THE TWO ARMIES
Sudan's war is between two generals who once partnered to overthrow a civilian government. The SAF (regular army) under Burhan and the RSF (paramilitary) under Hemedti jointly crushed the 2019 democracy movement, then turned the shared military infrastructure against each other when a power-sharing deal collapsed in April 2023.
THE JANJAWEED LINEAGE
The RSF evolved from the Janjaweed militias the Bashir regime armed to crush non-Arab rebels in Darfur beginning in 2003. Formalized as the RSF in 2013, it became a private army loyal to Hemedti — a former camel trader from Darfur — not the Sudanese state. The same fighters who carried out the Darfur genocide now control most of the country's gold.

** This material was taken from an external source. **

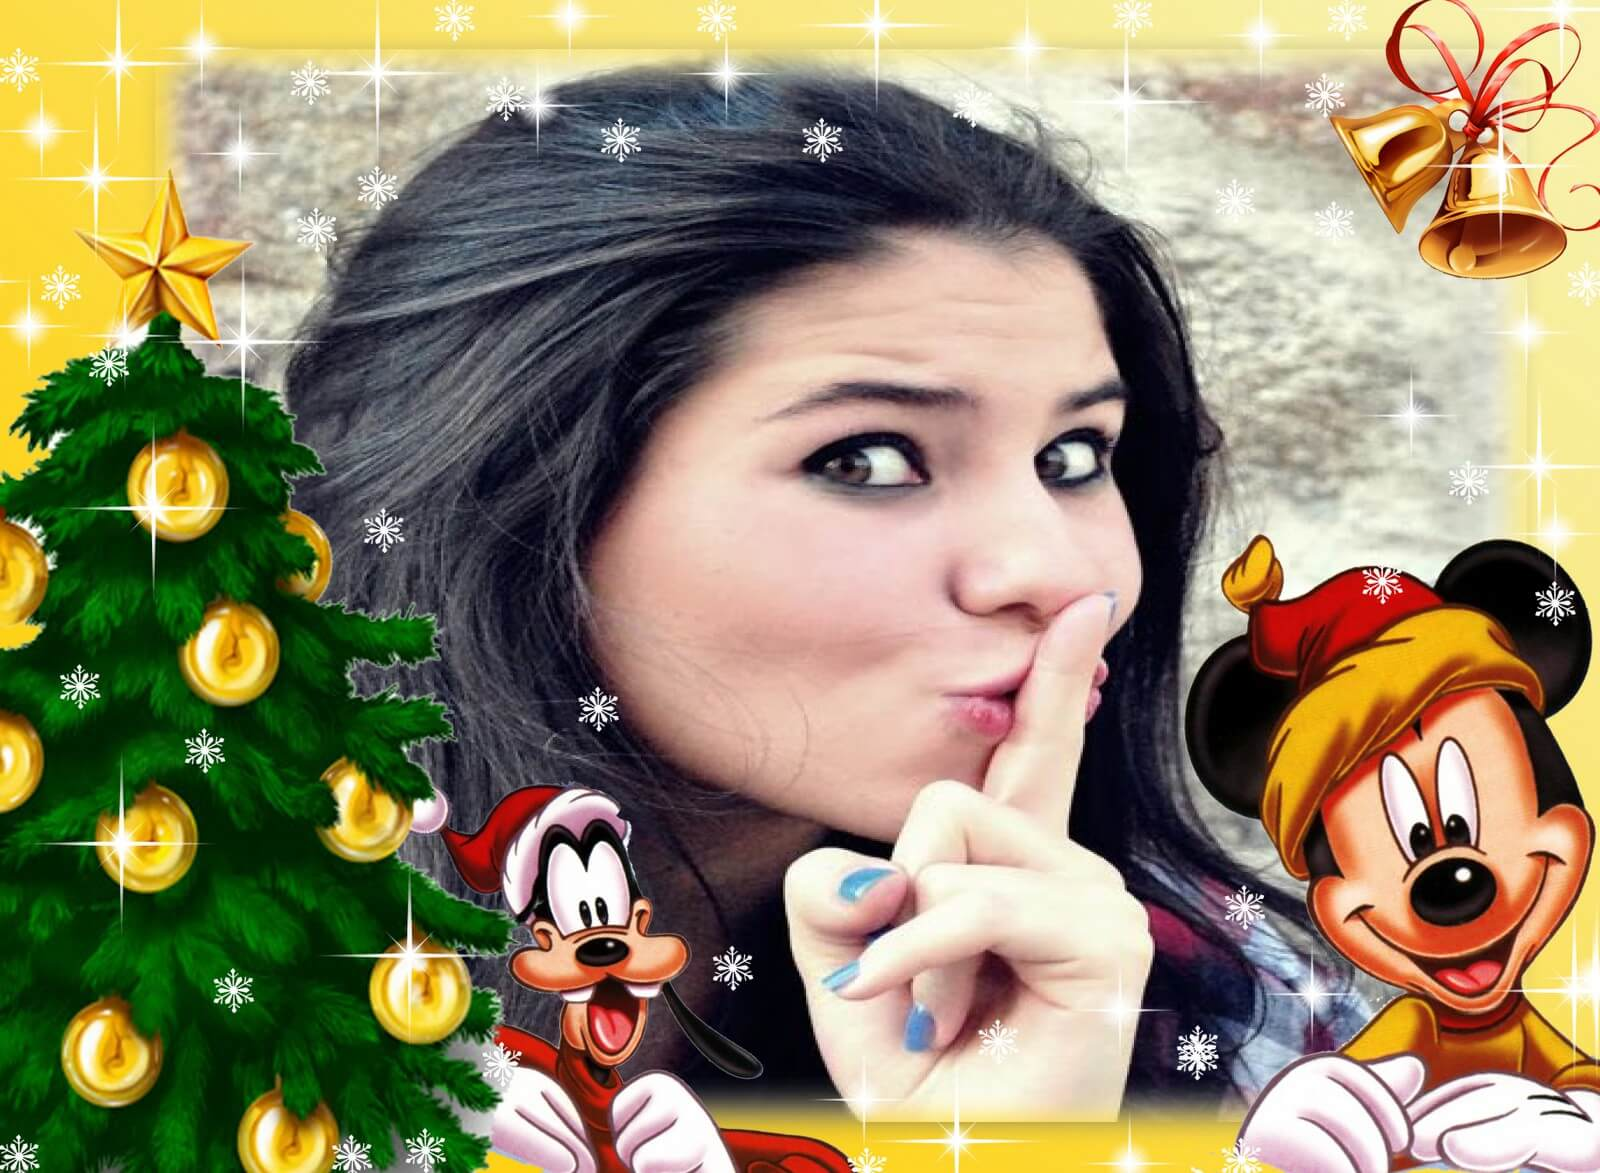 fotomontagem-lembraca-de-natal-magico-disney

THE GOLD-FOR-DRONES PIPELINE
Sudan's gold mines — concentrated in RSF-held territory — are the financial spine of the war. The Dagalo family company *Al Junaid* exports through Dubai, where multiple UN panels have documented gold flows feeding RSF arms purchases. The drones over Khartoum are paid for in bullion that left the ground in Darfur.
THE BORDER TRIANGLE
The Sudan-Libya-Egypt corner is where eastern Libya's Haftar-controlled territory meets RSF supply lines. Cargo flights into Libyan airfields (Kufra, Maaten al-Sarra) shuttle materiel south by truck across an unpoliced desert frontier. Egypt — historically aligned with the SAF — sees an RSF push there as a direct national-security threat.
THE DRONE TIER
The strike profile — long loiter, precision against a single residence — points to medium-altitude UCAVs, not commercial quadcopters. The UAE has been documented operating Chinese **Wing Loong II** airframes from Emirati bases; the SAF flies Iranian **Mohajer-6** and Turkish **Bayraktar TB2**. Sudan has become a proxy showroom for the global drone export market.
THE FORGOTTEN WAR
Sudan's war has displaced over 12 million people — the largest displacement crisis on Earth — and pushed Darfur and Kordofan into famine. It receives a fraction of the attention and funding directed at Ukraine or Gaza, which is why diplomatic moves like recalling an ambassador are also bids for global notice.
WHY ETHIOPIA NOW
Addis Ababa and Khartoum already feud over the **Grand Ethiopian Renaissance Dam** on the Blue Nile and the disputed **al-Fashaga** farmland on their shared border. An Ethiopian role in arming the RSF — if substantiated — would convert a water-and-border quarrel into an active proxy war on Sudan's eastern flank, opening a second supply corridor to complement the Libya route.